Yaëlle Amsellem-Mainguy, a sociologist who specializes in youth sexuality, considers, in her new book, an understudied subset of young people: young women living in rural areas. Over fifteen years after the publication of Nicolas Renahy’s Gars du coin (Local Guys, 2010), Amsellem-Mainguy, who is affiliated with the Institut National de la Jeunesse et de l’Education Populaire (National Institute of Youth and Popular Education), listens, in Les Filles du coin, to the voices of women excluded from norms and imaginings of most young people due to their place of residence and the position they occupy in gender and class relations. How do working and lower middle-class women experience their youth in rural environments? To answer this question, Amsellem-Mainguy presents a tableau of their lives at the onset of adulthood: when they leave their parents’ home, have their first “live-in” relationship, see their friendships reconfigured, and attempt to join the professional world. Beginning with geography as her starting point, she shows how place of residence determines these women’s life conditions as well as the scope of their life prospects.

The book is based on materials collected through an extensive ethnographic study consisting of observations and interviews (two thirds of which were done in groups, one third one-on-one) with nearly two hundred women, met through professionals working with young people (teachers, educators, bus drivers, and so on). These women, aged 14 to 28, belong to the working class and lower middle classes. They all live in territories considered “rural,” in towns with fewer than 8,000 inhabitants in Ardennes, the Crozon peninsula, Deux-Sèvres, and Chartreuse. These regions—some attractive, some not, some touristy, others post-industrial—do not yield the same experiences of mobility, employment, and leisure for their young people. This territorial diversity reminds us that the term “rural” encompasses diverse realities that shape these women’s different positions, perceptions, and projections.

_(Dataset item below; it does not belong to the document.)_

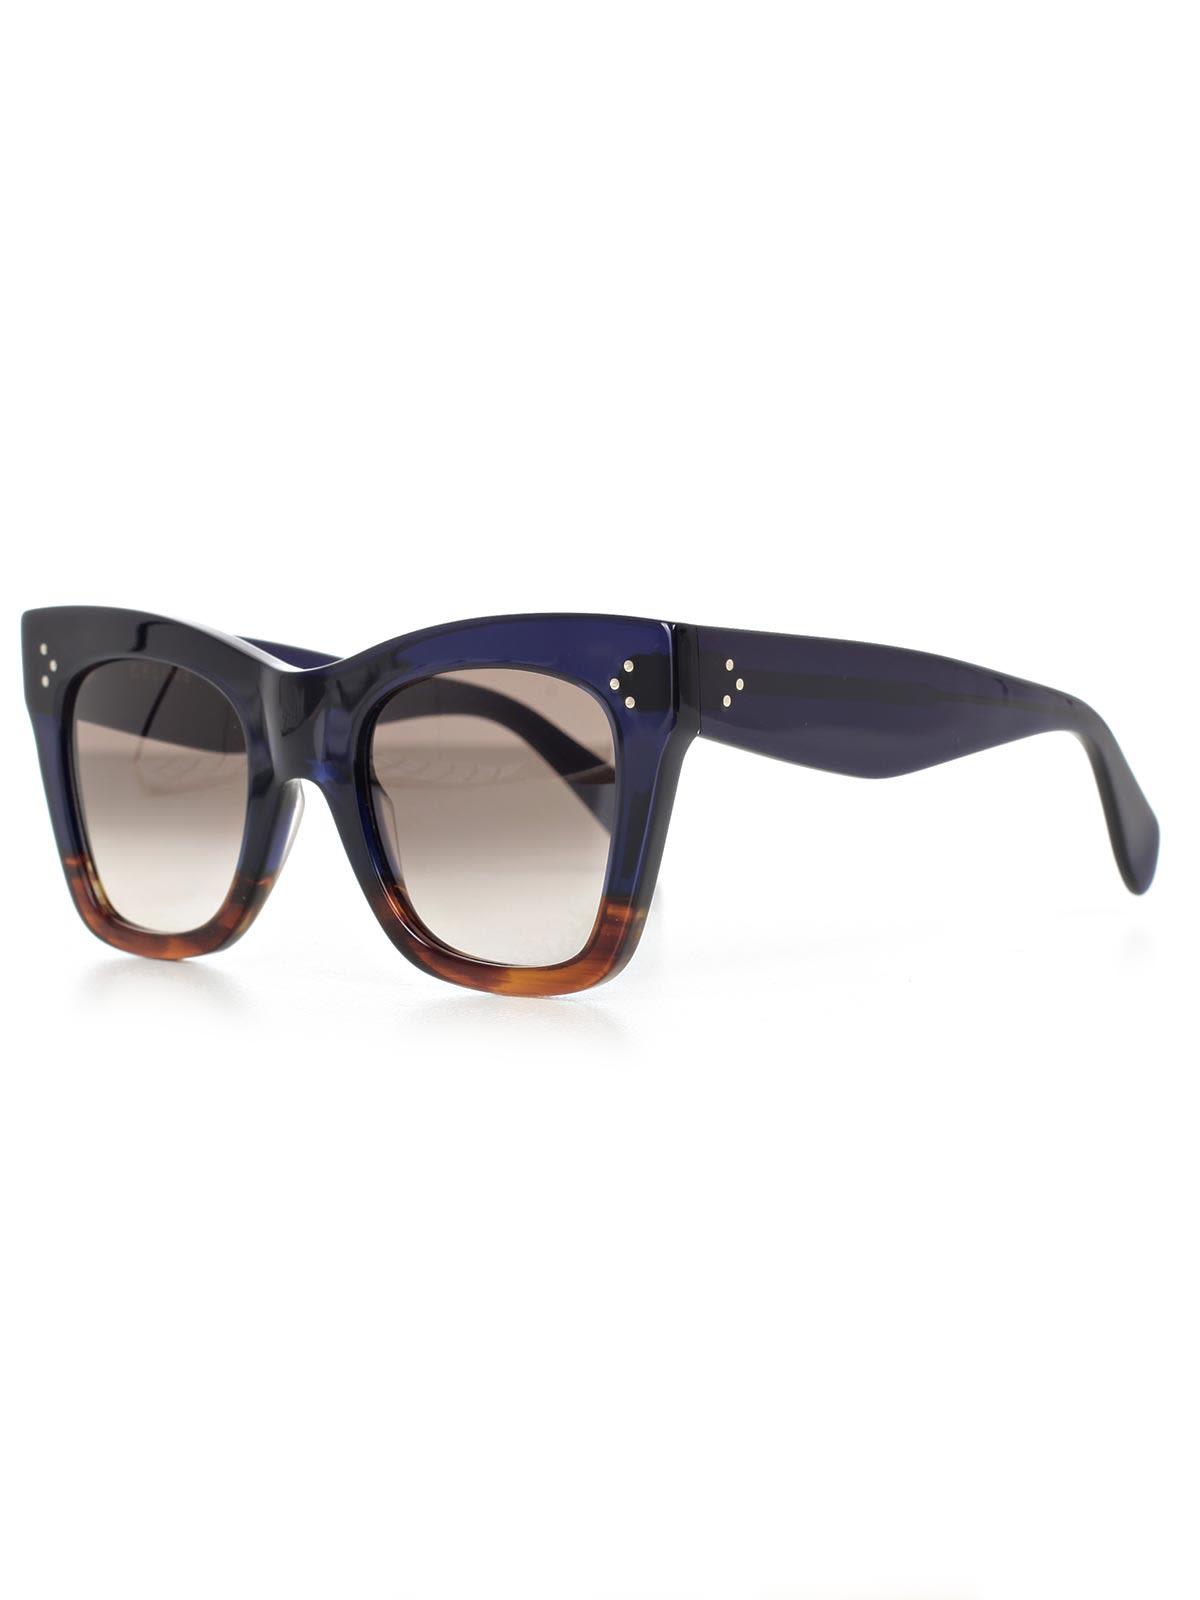 3b783599f07d Celine Sunglasses Antwerpen

Growing up in a rural setting; or, how to be a respectable woman

The book is divided into six thematic chapters. In the first, Amsellem-Mainguy shows that what the respondents consider “local” varies in relation to their life circumstances, social position, family situation, and worldview. Distinguishing themselves from the “scum” of the cities and the “hicks” of remote villages, they sometimes, for instance, establish classifications that rank territories and their inhabitants. Their residential trajectories and investment in local institutions of sociability determine, to a considerable degree, their sense of belonging to a local community and their “autochthony capital” (Retière 2003). In the second chapter, Amsellem-Mainguy shows that it is through networks of friends that (de)classification occurs and reputations are (re)constructed. Chapter three examines the ways in which educational trajectories are marked by a gradual expansion of the territories deemed “nearby” and wider networks of friends: the little communities that characterize school life in primary school get bigger when the young women go to middle school, then high school. In chapter four, Amsellem-Mainguy shows how, in a context in which jobs are few, employability is determined by their ability to demonstrate that one will do anything for a job, “making do” with poor and even abusive work conditions and jobs poorly suited to their qualifications and aspirations. Chapter five shows that due to an inadequate supply of leisure facilities and spaces of sociability and consumption, young women spend much of their free time indoors and in female company. In the final part, the process whereby these women become sexual and get married is marked by admonitions to be neither a “slut” nor a “goody two-shoes,” nor a woman who “can’t hold a man.” Living together as a couple, to which most of the respondents aspired, tends to enclose them in the home, as well as exposing them to their partners’ social circles and potentially violent behavior.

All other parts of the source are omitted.